■ **Instructions to follow**
Pictures do not belong in your copy. Repeat all the other data exactly.
==== Given data ====
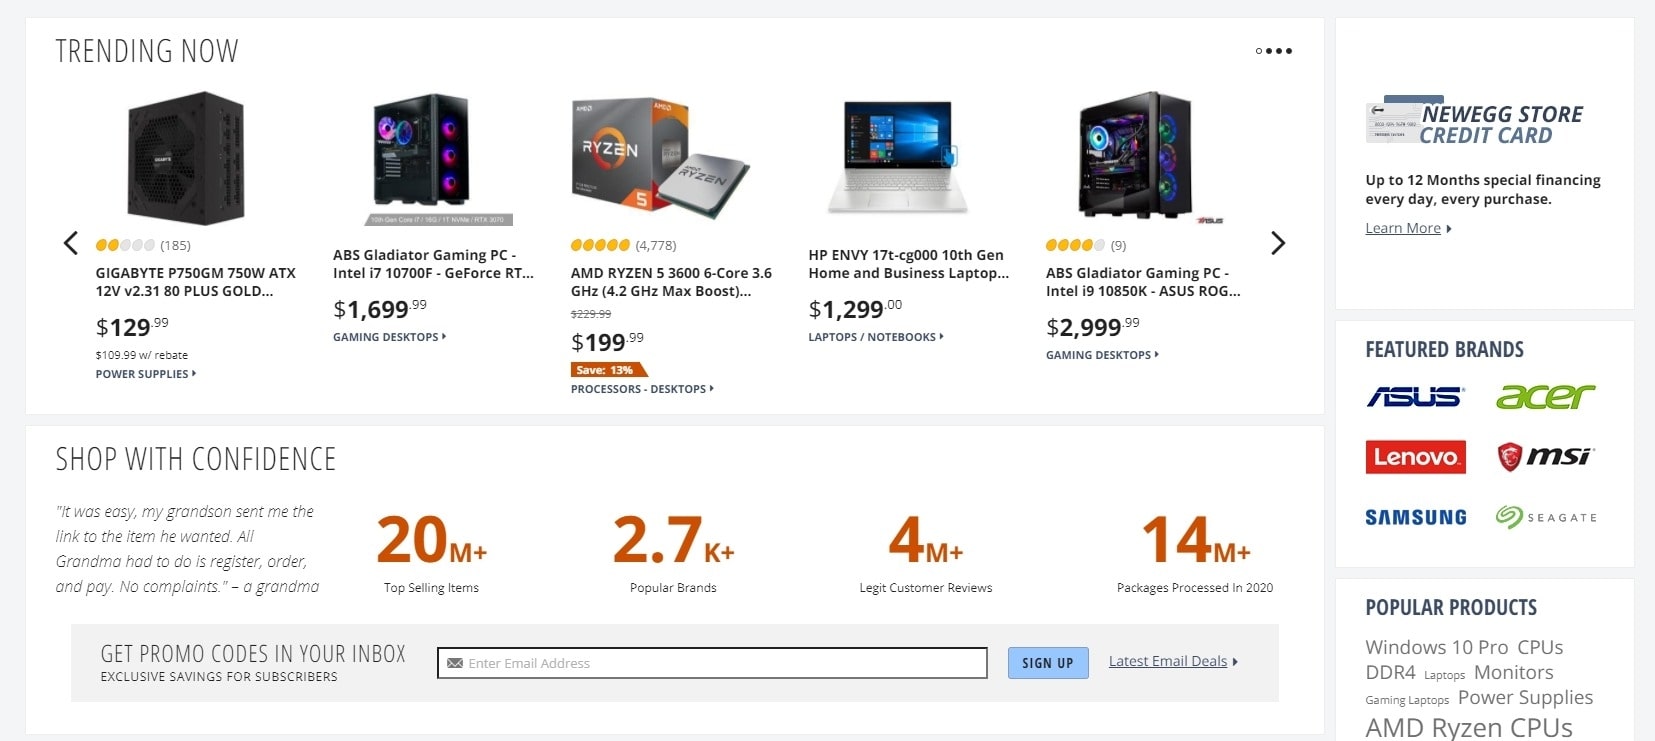 Newegg pros and cons
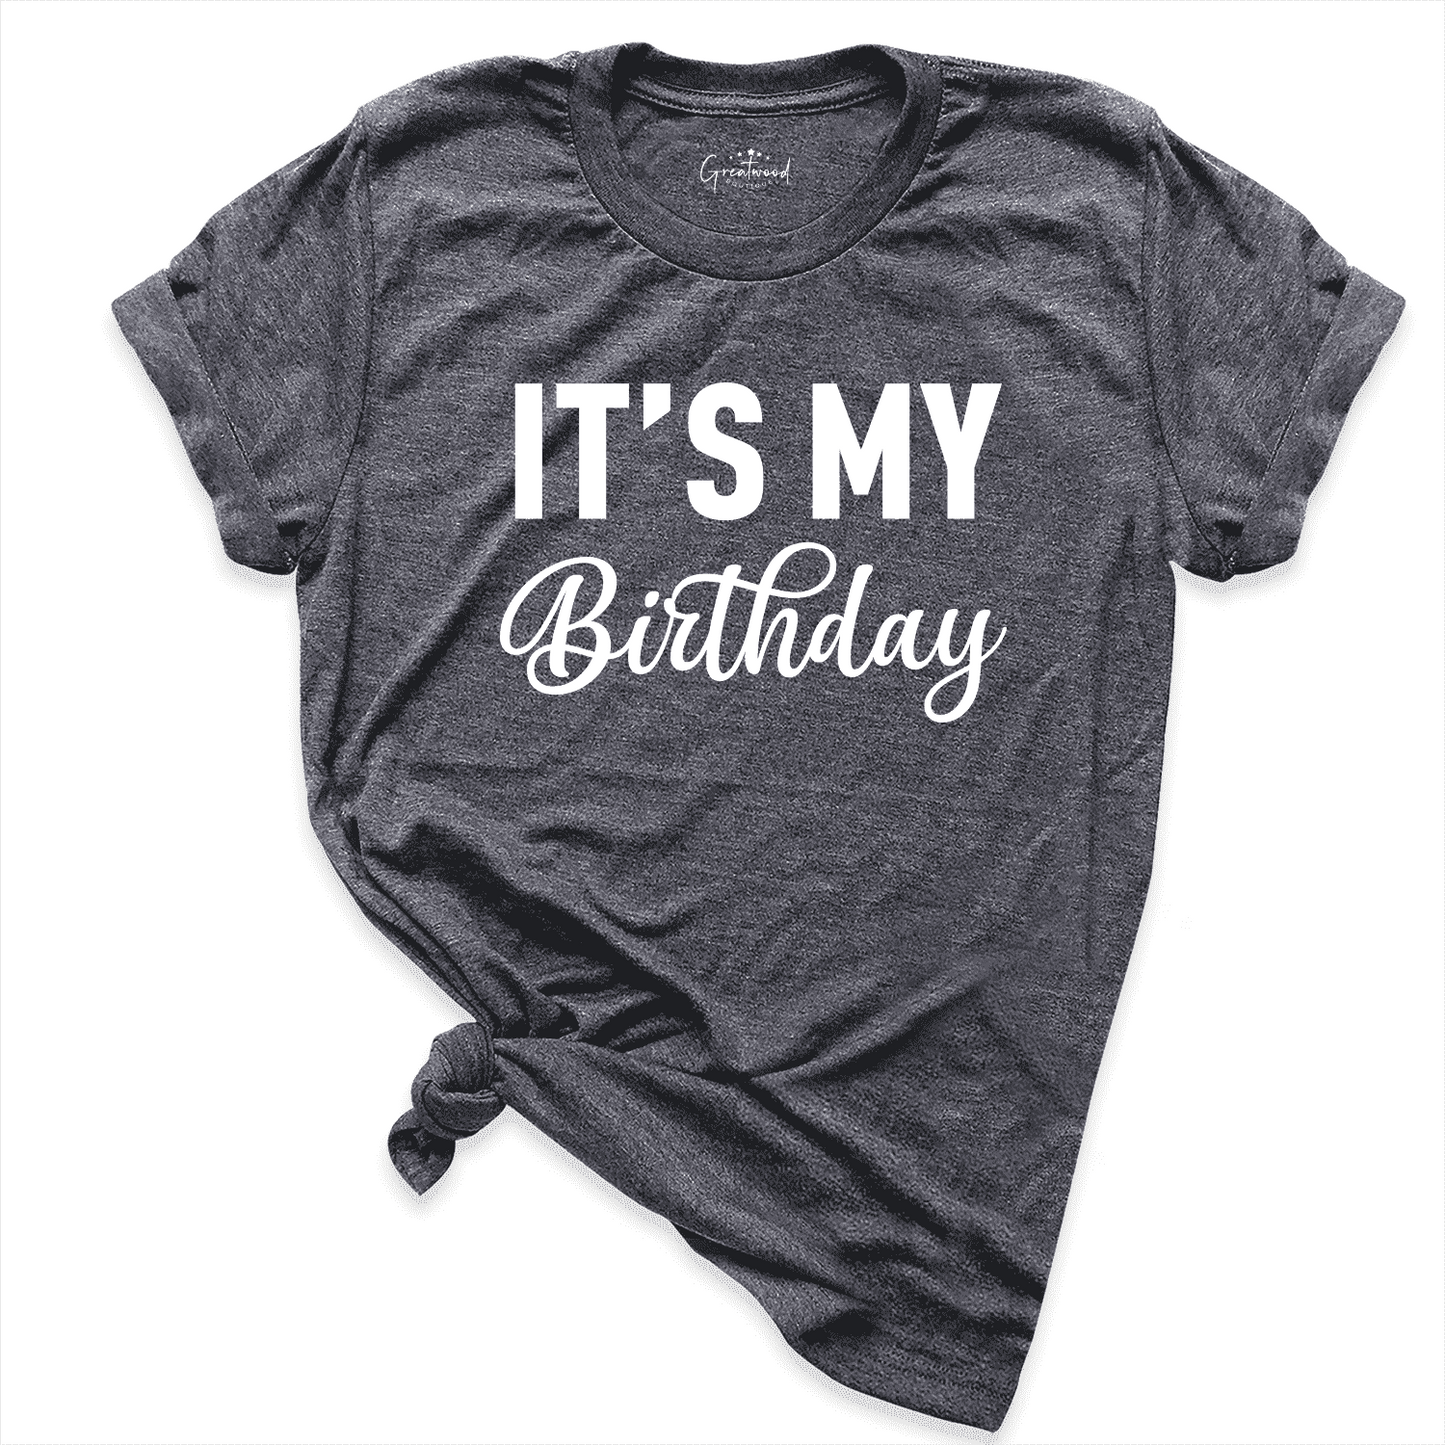 It's my Birthday Shirt D.Grey - Greatwood Boutique
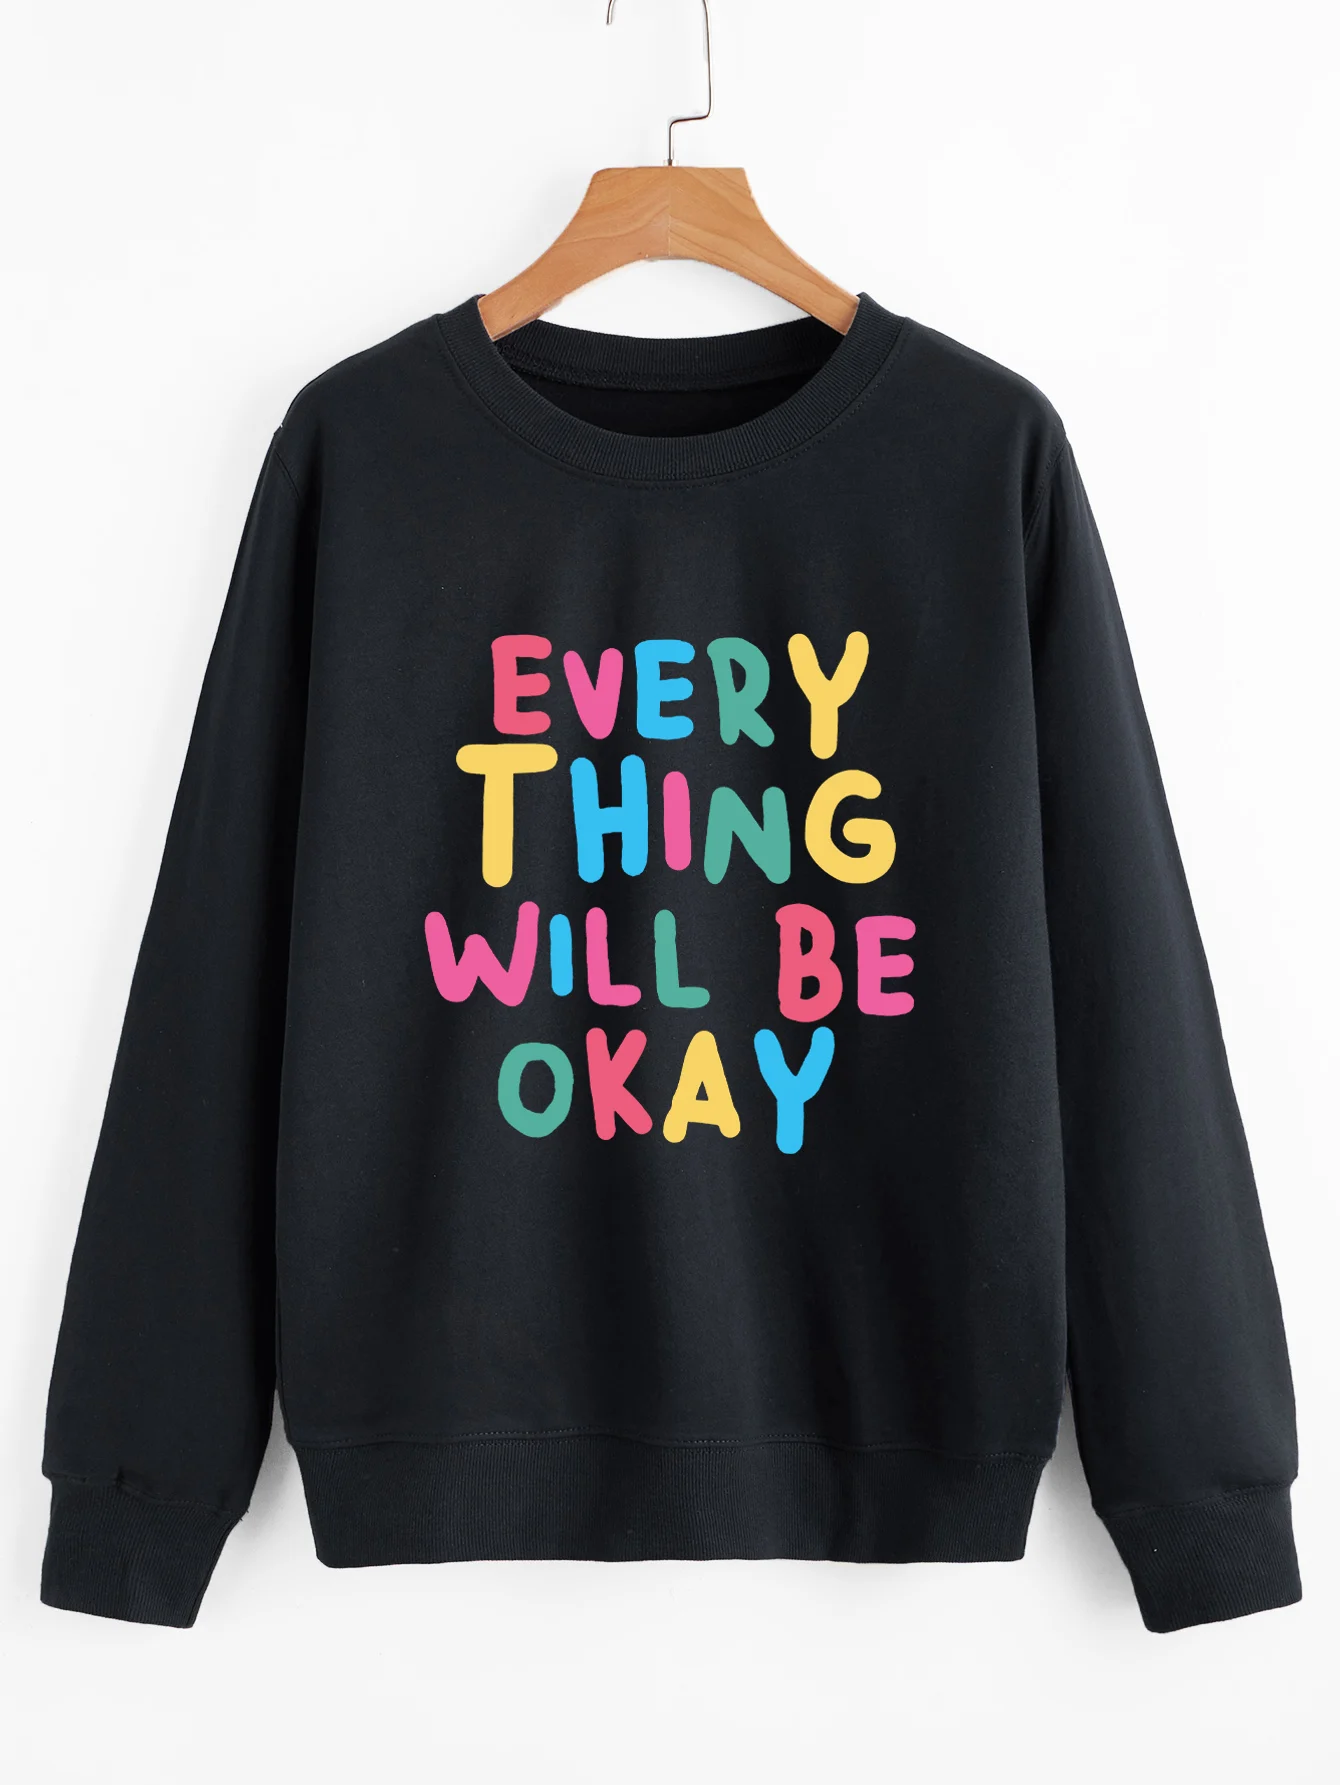 

Women EVERTHING WILL BE OKAY Letters Print Sweatshirts Trendy Positive Sayings Pullover Fashion Hoodies Casual Vintage Tops
====
■ **Response area**
 Newegg pros and cons
 It's my Birthday Shirt D.Grey - Greatwood Boutique

Women EVERTHING WILL BE OKAY Letters Print Sweatshirts Trendy Positive Sayings Pullover Fashion Hoodies Casual Vintage Tops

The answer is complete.